Kayak was founded in 2004. FareCast was founded in 2003.

I don't know when either site launched or iterated to their current base
design, but even before Microsoft bought FareCast, it looked exactly like
Kayak. I actually thought they were powered by the same company. It looked
like this in the past:
[http://upload.wikimedia.org/wikipedia/en/archive/f/f2/200906...](http://upload.wikimedia.org/wikipedia/en/archive/f/f2/20090601104302!Live_Search_Farecast.png)
That was still pretty close (although it's more obvious now).

------
pxlpshr
Sometimes there's only so many ways to skin a cat, art is very much an
influential process and converging ideas are common. I can dig up PRINT and
INTERACTIVE magazines from the 90-00's and show you plenty of designs that
have been "copied" a million times over.

[http://images.colinanawaty.com/screenshots/5b629b77aa8a247c3...](http://images.colinanawaty.com/screenshots/5b629b77aa8a247c38312284b0251ecc.png)

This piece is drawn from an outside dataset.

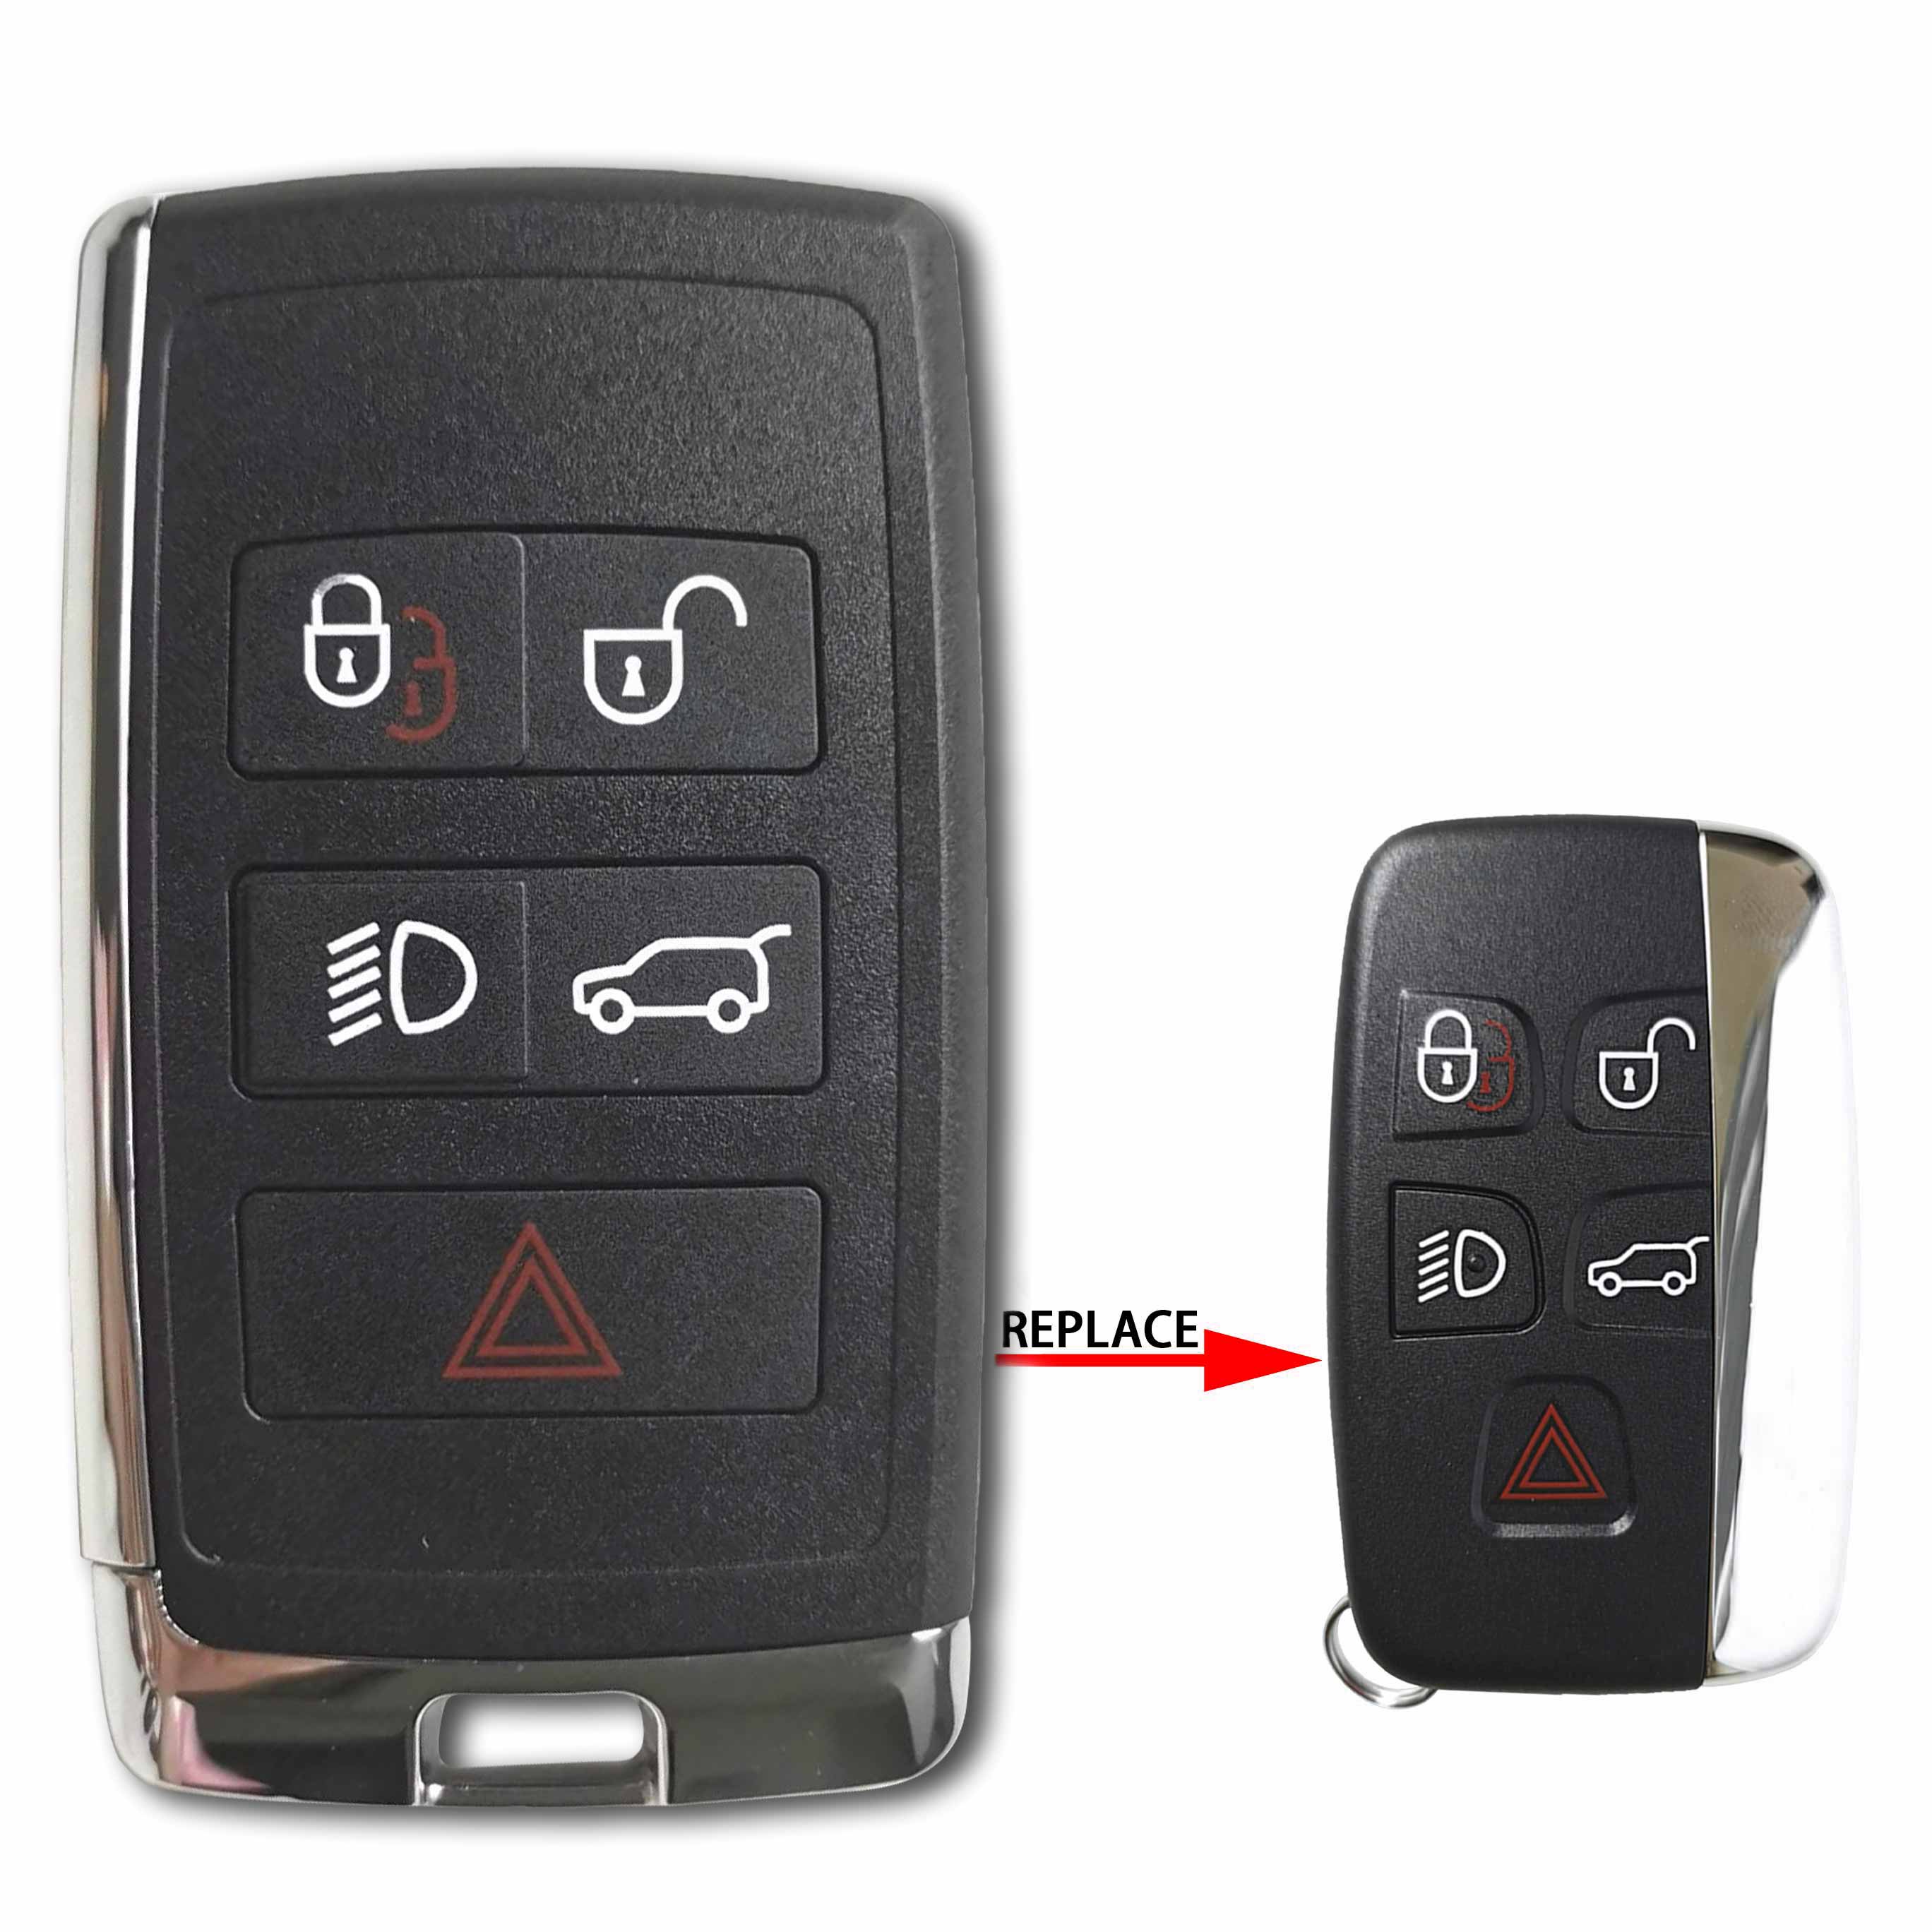 434 MHz Modified Smart Key for 2010 ~ 2015 Range Rover

If Kayak thinks their design is so original, maybe they should check out
eBay's two column layout; filters on the left, content in the middle. Unless
MS copied code and a VERYYYY unique approach to UI, this is a weak case that
should be thrown out, IMO. Notice too that the screenshot in the WIRED article
uses the EXACT same search data so it's even more suggestive that Microsoft
copied Kayak. Controversy brings eye balls...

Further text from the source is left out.